Opinion: Why Mountain View’s proposed head tax is a dumb idea

  • IOPINION

BY DAVE PRICE
Daily Post Editor

I cringed when I watched Mountain View City Council stumble its way into putting an employee head tax on the November ballot the other night. The idea is to tax the big companies like Google and Microsoft by charging them a certain amount per employee — in this case, $150 a year for any company with 5,000 or more employees.

This tax is a dumb idea for a number of reasons.

First, only $600,000 of the $6 million that will be collected each year is going to combat the housing crisis. That will buy you maybe a third of a condo.
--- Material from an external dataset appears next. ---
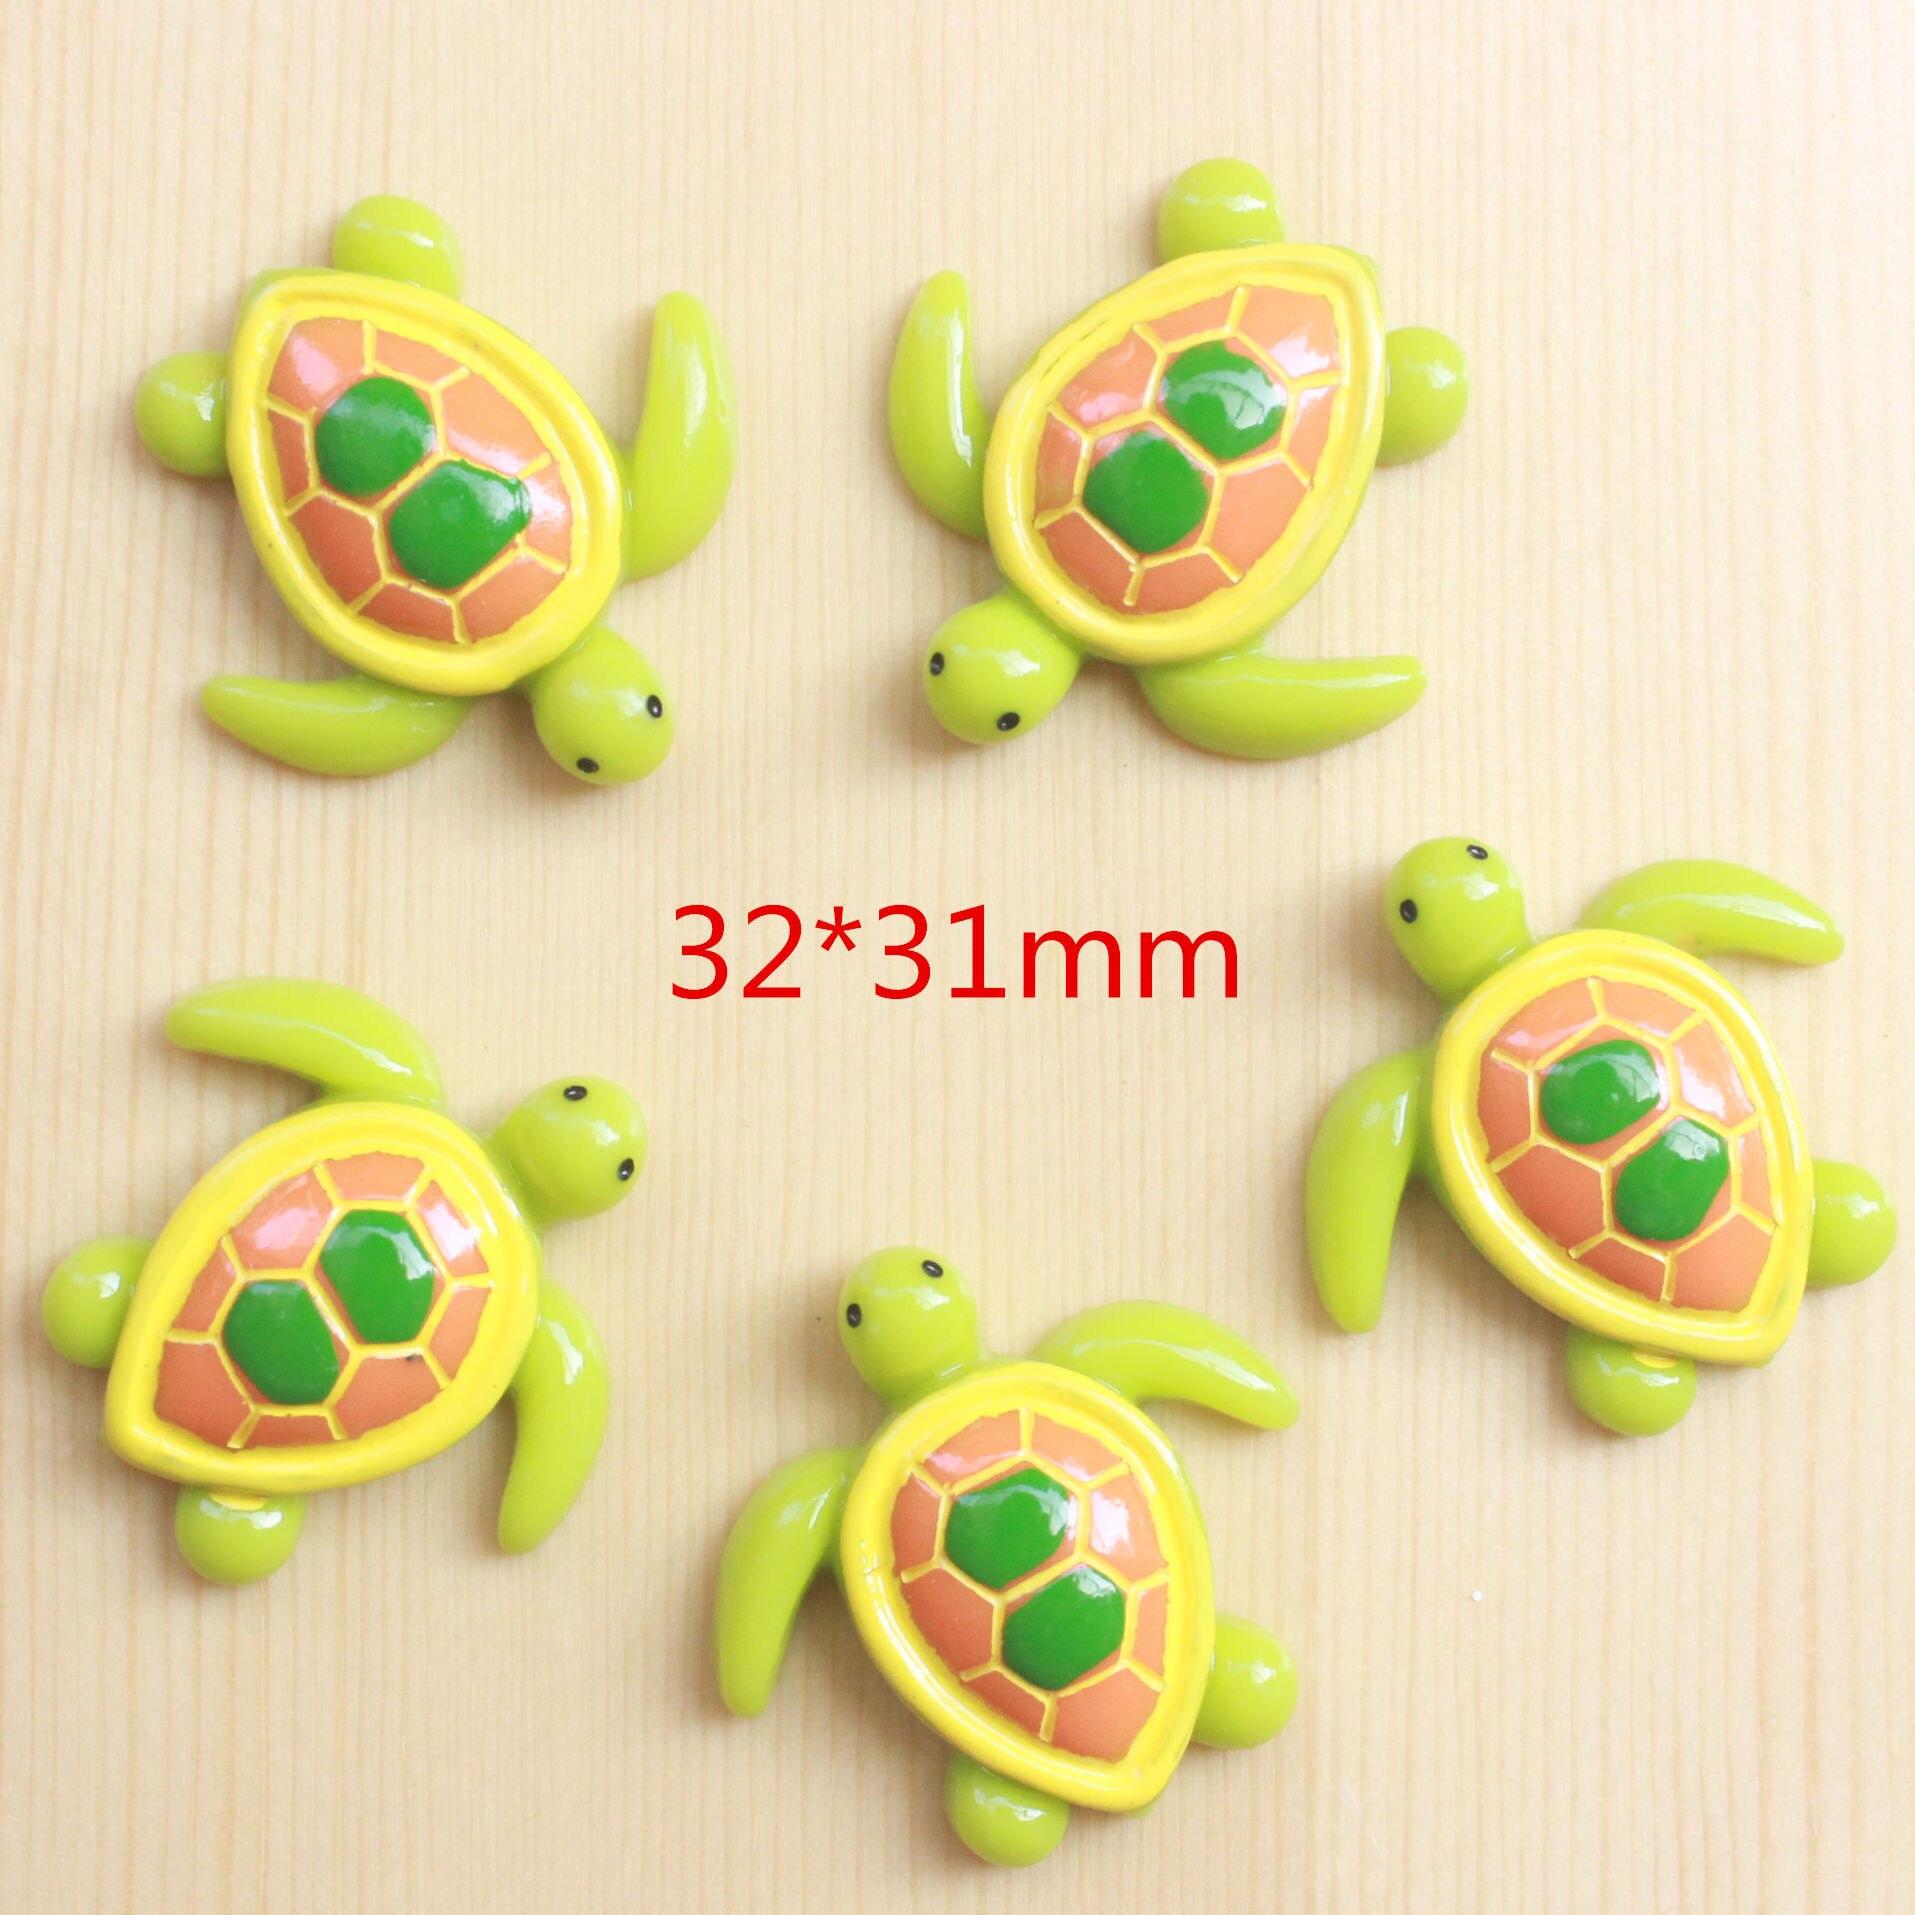 10 Uds. Cabujones de resina con respaldo plano de tortuga bonita de dibujos animados para niños, lazos para el pelo, decoración con adornos Diy para manualidades

Second, much of the money will pay for beefing up the city’s shuttle. Google already voluntarily funds the shuttle. If this tax is approved, Google will just pull their voluntary funding and pay for it with the tax. The tax will have accomplished nothing. It’s as if council is just trying to make the statement that they’re going to punish the big companies. And why is the city even thinking about a new tax when it raked in a $103 million surplus for the fiscal year that ended June 30, 2017?

Third, a head tax affects low-wage workers more than highly-paid employees. That’s because the tax represents a bigger percentage of the cost of employing a low-wage worker than it does a higher-paid one. Big employers will avoid hiring low-wage workers and rely more on outsourcing and automation.

If Google or other big companies have to layoff workers, the low-wage workers will be the first to go in order to cut the company’s head tax payment.

Head taxes aren’t anything new. Chicago had one but decided in 2011 to eliminate it because it was, in the words of Mayor Rahm Emanuel, destroying jobs.

Get the money up front

If you want to combat the impact of a big company moving to town, a city should get the money before the firm builds its offices, not after. It’s fairer for the company to know what they’ll have to pay advance. And the city has more leverage before it approves a development than after the deal is closed.

Mountain View should be commended for getting Google to build 10,000 homes as part of its North Bayshore Expansion. If the city wanted anything more from Google, it should have demanded it then.

This tax will make the city vulnerable in the next recession. Remember 2001 and 2008, when companies were abandoning their offices?

If a company has offices in several cities, they’re going vacate offices in the city with the head tax first. And that will make it harder on all of the stores, restaurants and service-providers who benefit from a large corporate workforce.

Editor Dave Price’s column appears on Mondays. His email address is [email protected].

2 Comments

  1. I think it’s time we started forcing companies like Google to pay their fair share of local taxes. The burden shouldn’t be exclusively on local residents. I’m voting for this “head tax,” though I don’t like the name, because it will level the playing field between residents and the big companies that have invaded the community.

  2. Andy, a lot of the residence are employees for big companies in most cases paying a lot more property taxes than those living longer with lower rates grandfathered in. All the city improvements benefit most even though some are paying 10-20x less tax.